It was early on in our Sydney residence when my husband, Kevin, had an altercation with a bus driver. Kevin was holding up the line trying to stuff a bent paper bus pass into a ticket machine, and the driver lost his cool. “You gotta keep it in good nick, mate,” he snapped. Kevin turned to me in confusion. All I could do was shrug; I had no clue what the driver had just yelled. But then the man unleashed his pointer finger like an arrow from a quiver, and we read loud and clear the universal signal for “get the fuck out.”

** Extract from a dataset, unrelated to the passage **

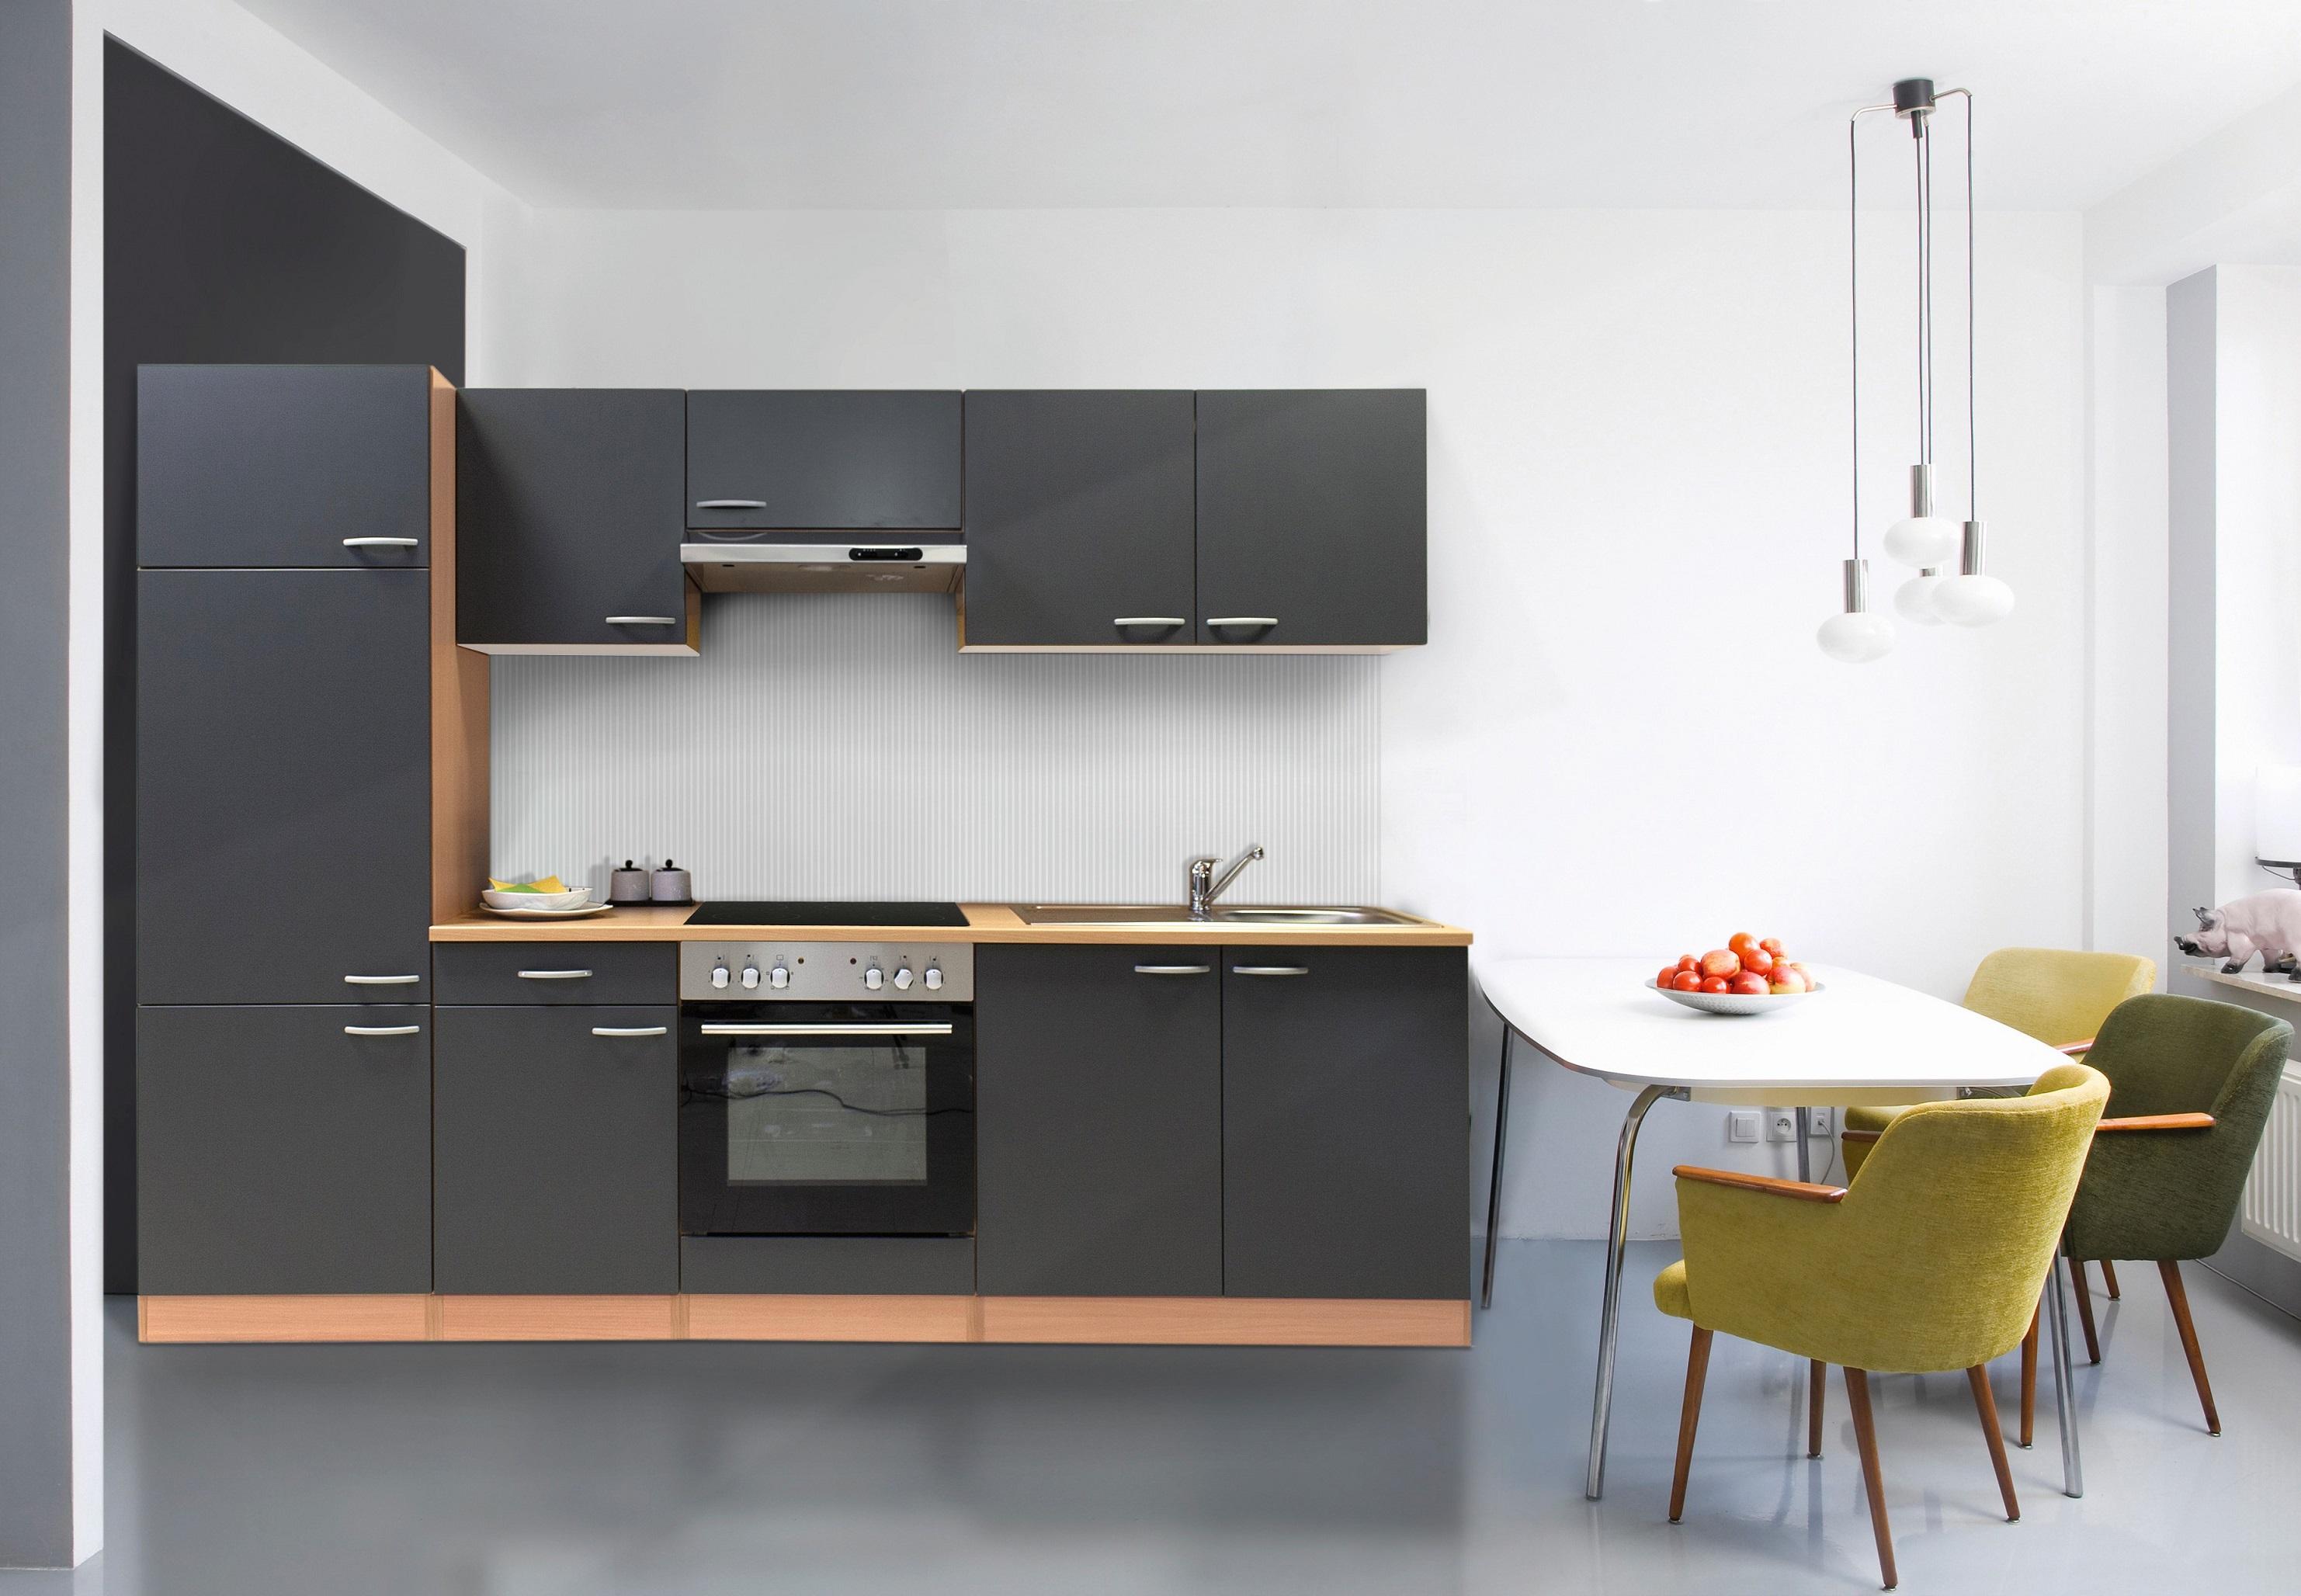 k che k chenzeile k chenblock einbauk che komplett 270 cm buche grau respekta ebay. Black Bedroom Furniture Sets. Home Design Ideas

In good nick gnawed at us for a few weeks until it appeared again while shopping for household items on Gumtree, the Australian equivalent of Craigslist. Amid the doonas and wardrobes, we found a tall boy (tall dresser) that said “Only a few years old. In good nick.” In this context the meaning was obvious: good nick means good condition.

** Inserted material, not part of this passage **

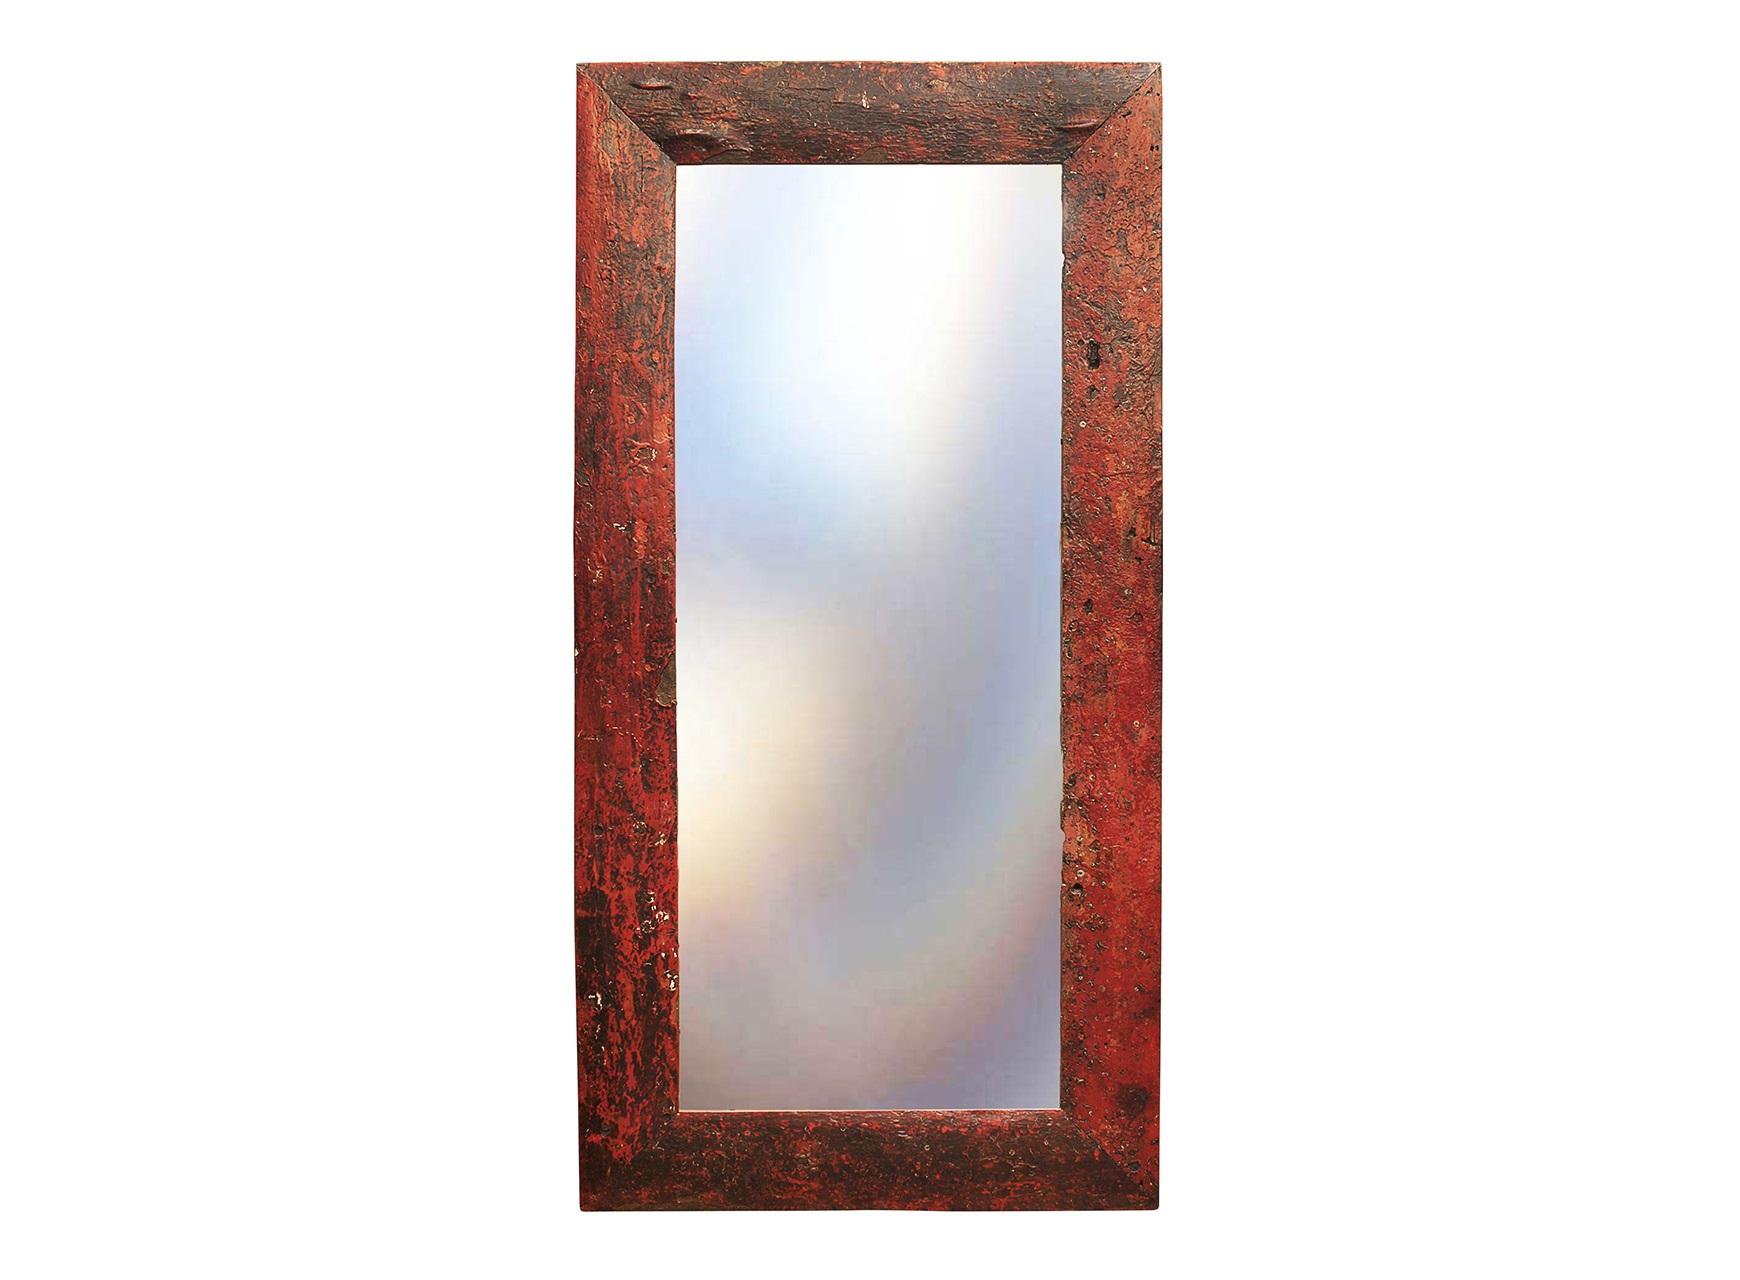 Зеркало Свет мой зеркальцеНастенные зеркала<br>Зеркало выполнено из фрагментов настоящего рыболовецкого судна, возраст которого 20-40 лет. Окрас сохранён оригинальный.<br><br>Material: Тик<br>Length см: None<br>Width см: 90<br>Depth см: 3<br>Height см: 180

In a country with so many parallels to the United States, the daily language puzzles are a rich source of amusement and cultural comparison. From the odd-at-first greeting “How y’going?” to the “too easy,” “no dramas” or “ta” you get after you pay the bill—not to mention all the differences in stress, accent and inflection—this creative new lexicon and all its subtleties could be a life-long adventure, even for a native English speaker.
Aussies don’t take a shower or a sick day; they have a shower and chuck a sickie. Though like Brits, they do take the piss (joke around). At Australian grocery stores, bell peppers become capsicums; arugula is rocket; cilantro transforms into coriander and cookies are biscuits—bikkies for short.

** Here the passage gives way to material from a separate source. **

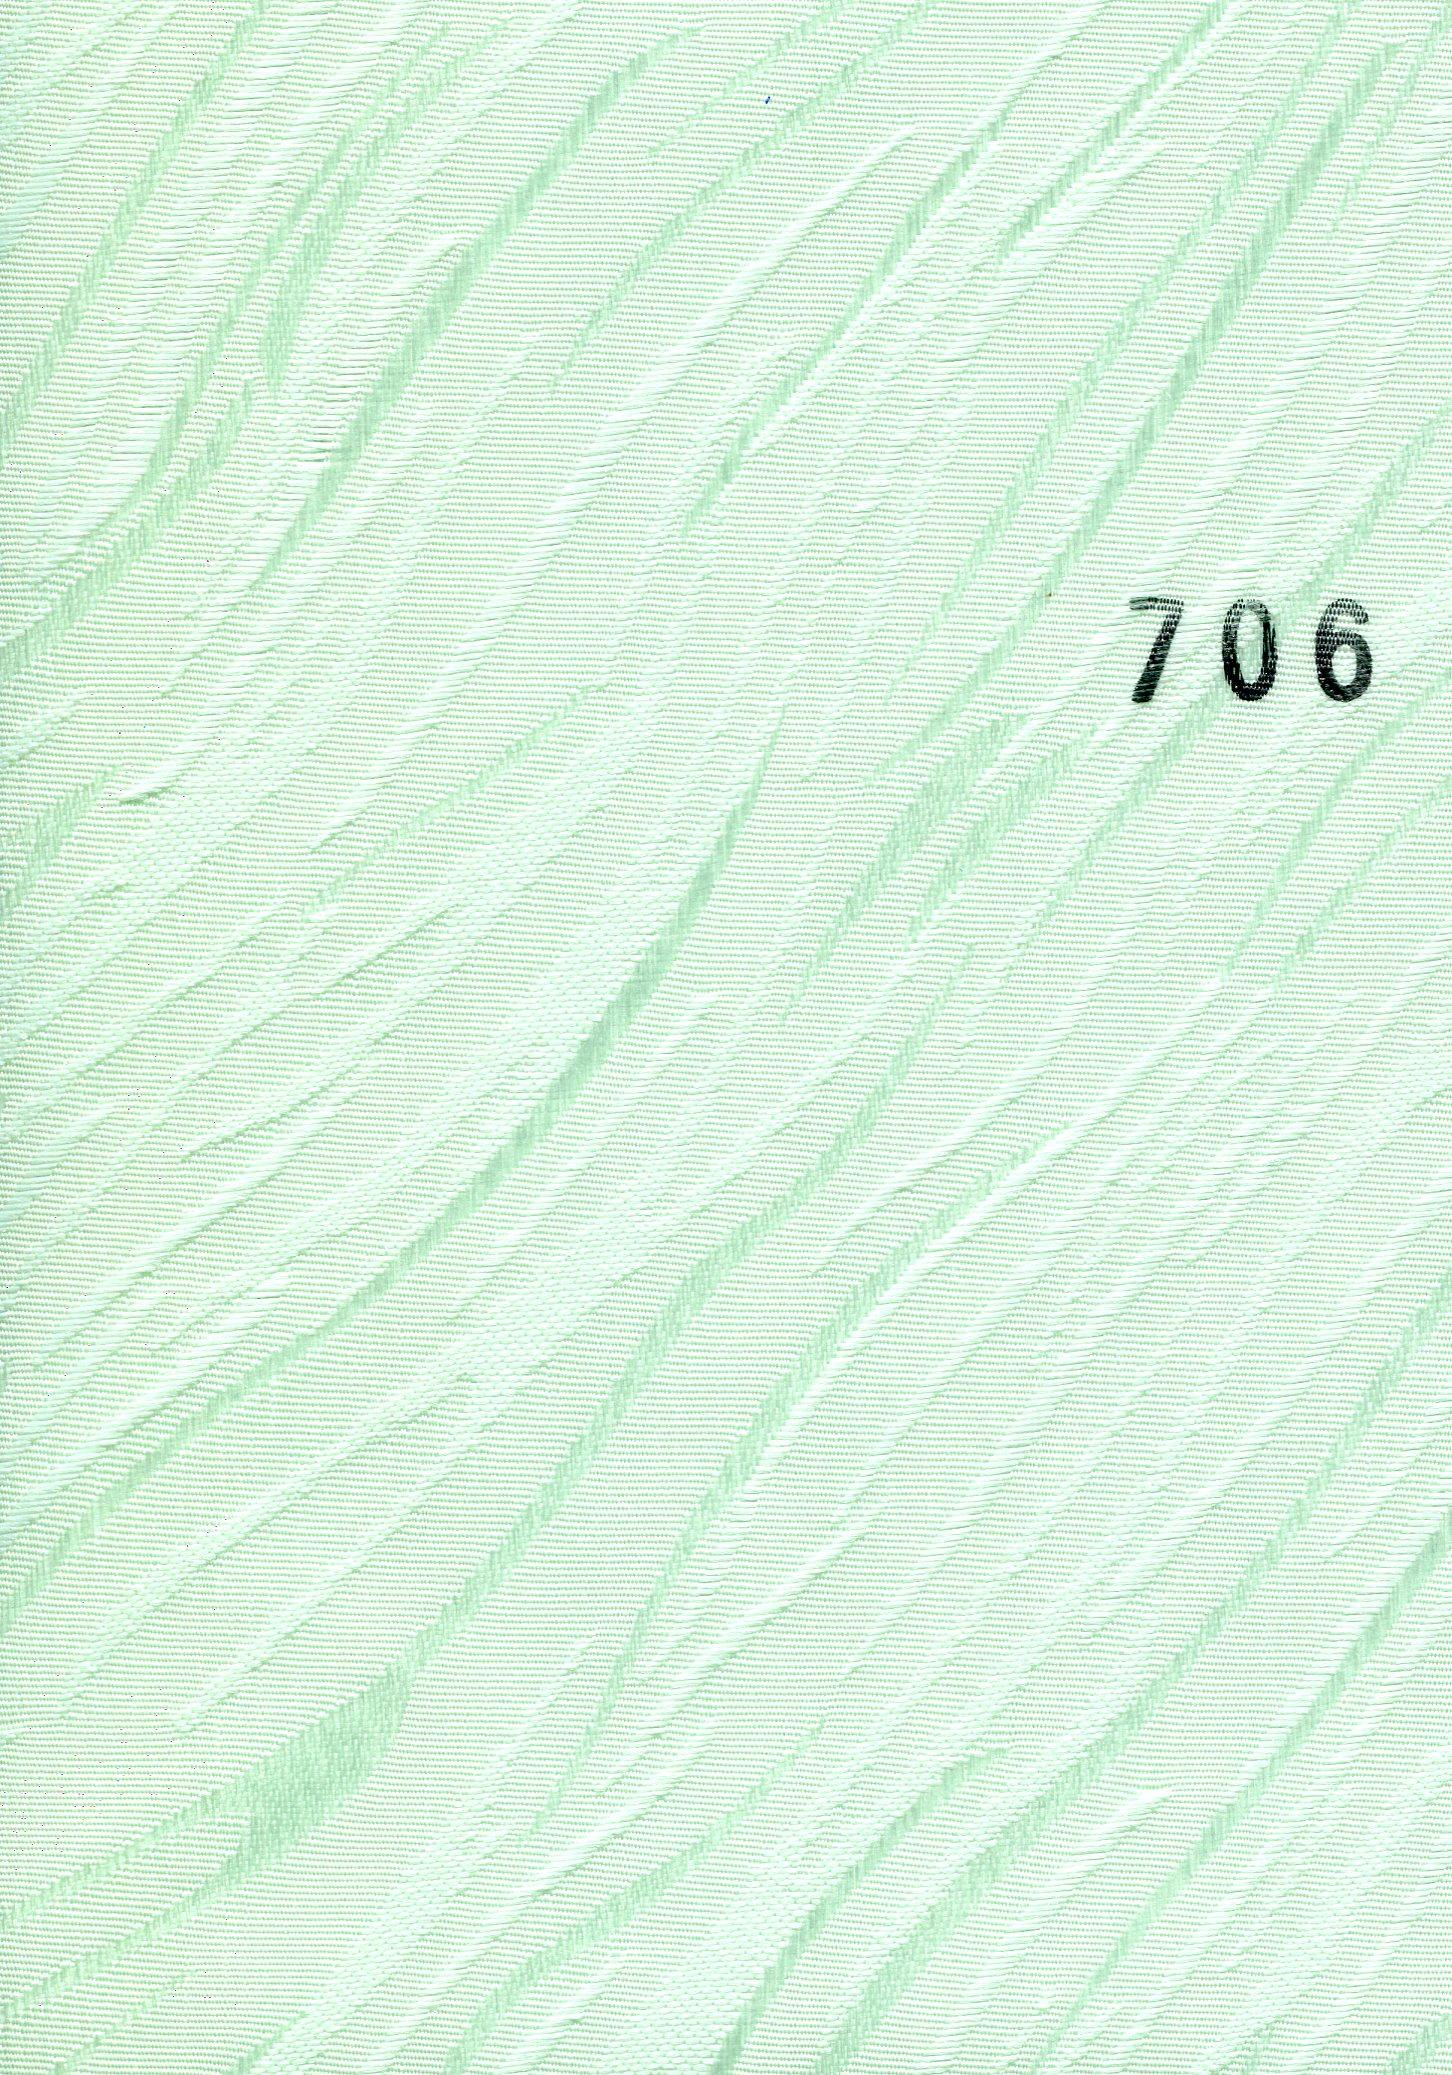 Tiffany 706

Take a scroll through the slideshow to learn some Aussie slang, and download the for more.
The act of shortening words and adding the suffix -ie or -y is one of Australia’s greatest talents. Aussies—correctly pronounced with a “z” sound, like Ozzie Osbourne—eat brekkie before flying to Brissie for Chrissie despite the mozzies (eat breakfast before flying to Brisbane for Christmas despite the mosquitoes). Sometimes the suffix is an -o, especially for male names such as Tomo and Jono as well as professions including muso, garbo, and journo (musician, garbage collector, journalist). And then there are the -ers words such as preggers, chockers (chock-full) and Maccas (short for McDonalds and spelled like it’s pronounced). “It is with home-grown slang that Australia has really excelled,” says Dr. James Lambert, who has studied Australian slang for the past 25 years and edited multiple dictionaries on the subject. “It rivals the slang lexis of both Britain and America despite the inordinate gap in population sizes.”
Interestingly, the -ie ending doesn’t signify a “diminutive” as one might expect, Lambert says. “A brickie is merely a brick-layer, not a small brick-layer, a surfie a surfer…A postie is an ordinarily-sized postman or postwoman, and a derro is an ordinarily-sized derelict.”